To determine whether immunization with recombinant antigens negatively impacts the ovary, mouse ovaries were isolated for observation. Immunization with plant-produced antigens caused no oophoritis or damage to the ovaries as they appeared normal. Additionally, histological analysis of ovarian sections from immunized mice did not reveal any abnormal follicular development or follicular degeneration. Figure 7 shows the normal follicles/oocytes at various stages of growth and development.

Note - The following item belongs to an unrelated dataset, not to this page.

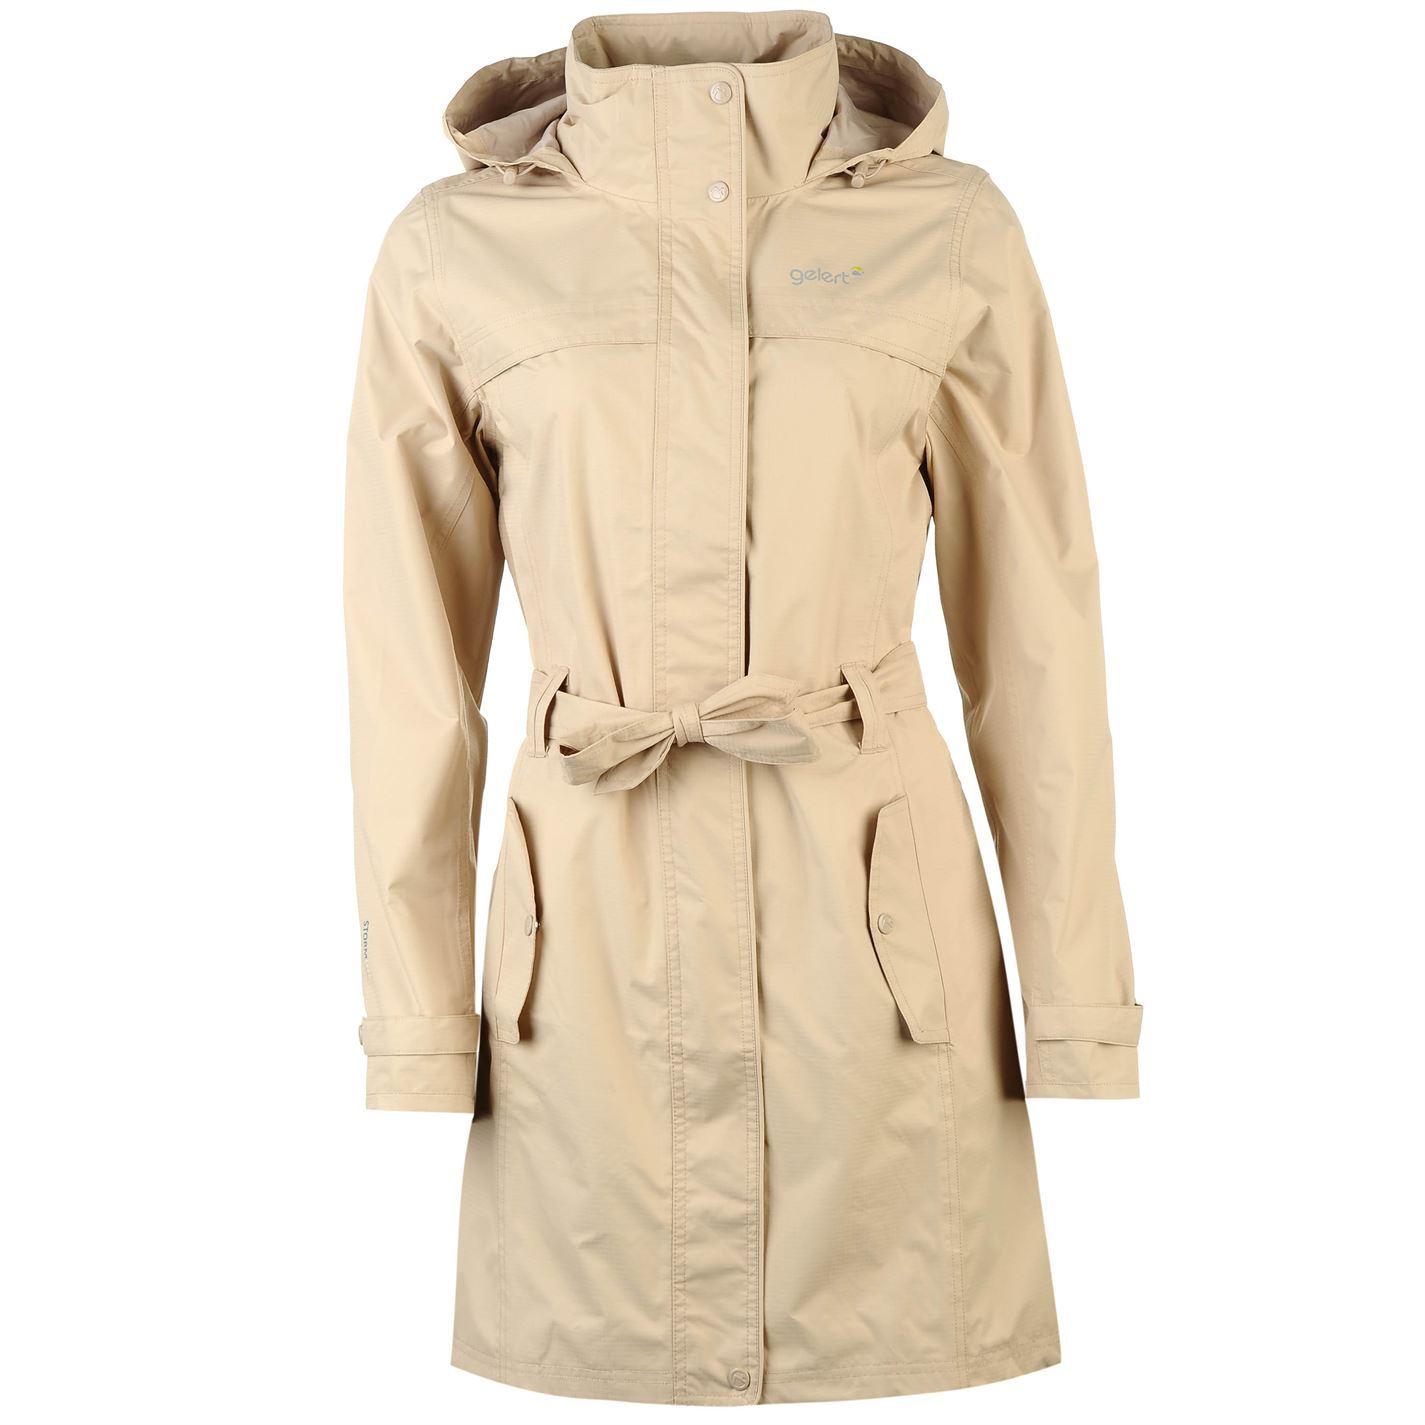 84d1dbb52b26 Gelert Womens Fairlight Jacket Top Coat Waterproof Hooded Full Zip ...

Immunofluorescence assay was used to determine the presence of induced antibodies bound to ZP in immunized mice. In ovaries collected from mice immunized with a physical mixture of plant-produced mZP2-3 and mIzumo1-3, immunofluorescence was observed from ZP on the surface of oocytes, indicating that anti-mZP2 antibodies bind to ZP in vivo. Ovarian sections obtained from mice in the control group failed to show any signals from ZP ( Figure 8A ).

Immune serum samples obtained after the final injection of plant-produced antigens were used for their reactivity with the ovarian sections of wild mice in an indirect immunofluorescence assay. When serum antibodies produced in vaccinated BALB/c mice were applied to the ovarian sections from unvaccinated wild mice, fluorescence signals were observed around the oocyte, indicating the binding of antibodies to native ZP. Notably, ovarian sections treated with pre-immune serum did not show any antibody reactions with the ZP matrix ( Figure 8B ). Reactivity of the immune sera with spermatozoa was not evaluated as acrosome-reacted mouse sperms could not be obtained for this study.